"Were none of those deeds recorded?" Louis asked, fascinated in spite of himself.
"Oh, they were regular bears for recording deeds, were our grandfathers," Jud said, lighting a new cigarette from the butt of the old one. "The original grant on your land goes like this." Jud closed his eyes and quoted, "From the great old maple which stands atop Quinceberry Ridge to the verge of Orrington Stream; thus runneth the tract from north until south." Jud grinned without much humor.
"But the great old maple fell down in 1882, let's say, and was rotted to moss by the year 1900, and Orrington Stream silted up and turned to marsh in the ten years between the end of the Great War and the crash of the stock market. A nice mess it made! It ended up not mattering to old Anson, any-ways. He was struck and killed by lightning in 1921, right up around where that burying ground is."
Louis stared at Jud. Jud sipped his beer.
"It don't matter. There's lots of places where the history of ownership is so tangled it never gets unraveled, only the lawyers end up makin money. Hell, Dickens knew that. I suppose the Indians will get it back in the end, and I think that's the way it should be. But that don't really matter, Louis. I came over here tonight to tell you about Timmy Baterman and his dad."
"Who's Timmy Baterman?"
Chapter 3
"Timmy Baterman was one of the twenty or so boys from Ludlow that went overseas to fight Hitler. He left in 1942. He come back in a box with a flag on the top of it in 1943. He died in Italy. His daddy, Bill Batennan, lived his whole life in this town. He about went crazy when he got the telegram... and then he quieted right down. He knew about the Micmac burying ground. you see. And he'd decided what he wanted to do."

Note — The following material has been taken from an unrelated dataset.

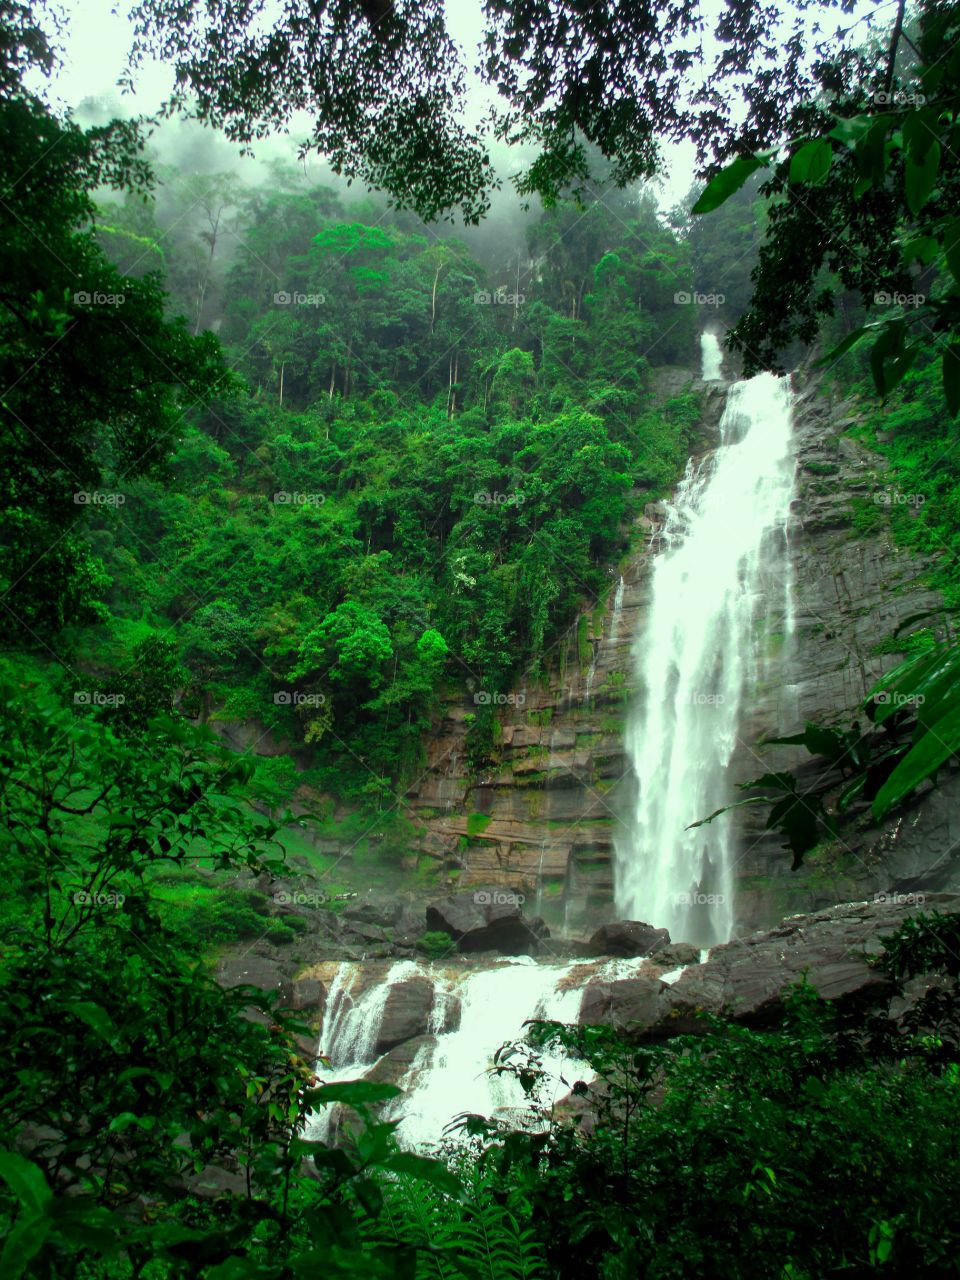 Mapalana falls,Palabaddala,Ratnapura,Srilanka.

The chill was back. Louis stared at Jud for a long time, trying to read the lie in the old man's eyes. It was not there. But the fact of this story surfacing just now was damned convenient.
"Why didn't you tell me this that other night?" he said finally. "After we...
after we did the cat? When I asked you if anyone had ever buried a person up there, you said no one ever had."
"Because you didn't need to know," Jud said. "Now you do."
Louis was silent for a long time. "Was he the only one?"
"The only one I know of personally," Jud said gravely. "The only one to ever try it? I doubt that, Louis. I doubt it very much. I'm kind of like the preacher in Clesiastes-I don't believe that there's anything new under the sun. Oh, sometimes the glitter they sprinkle over the top of a thing changes, but that's all. What's been tried once has been tried once before... and before... and before."
He looked down at his liver-spotted hands. In the living room, the clock softly chimed twelve-thirty.
"I decided that a man in your profession is used to looking at symptoms and seeing the diseases underneath... and I decided I had to talk straight to you when Mortonson down at the funeral home told me you'd ordered a grave liner instead of a sealing vault."
Louis looked at Jud for a long time, saying nothing. Jud flushed deeply but didn't look away.
Finally Louis said: "Sounds like maybe you did a little snooping, Jud. I am sorry because of it."
"I didn't ask him which you bought."
"Not right out, maybe."
But Jud did not reply, and although his blush had deepened even more-his complexion was approaching a plum color now-his eyes still didn't waver.
At last, Louis sighed. He felt unutterably tired. "Oh, f**k it. I don't care.
Maybe you're even right. Maybe it was on my mind. If it was, it was on the downside of it. I didn't think much about what I was ordering. I was thinking about Gage."
"I know you were thinking about Gage. But you knew the difference. Your uncle was an undertaker."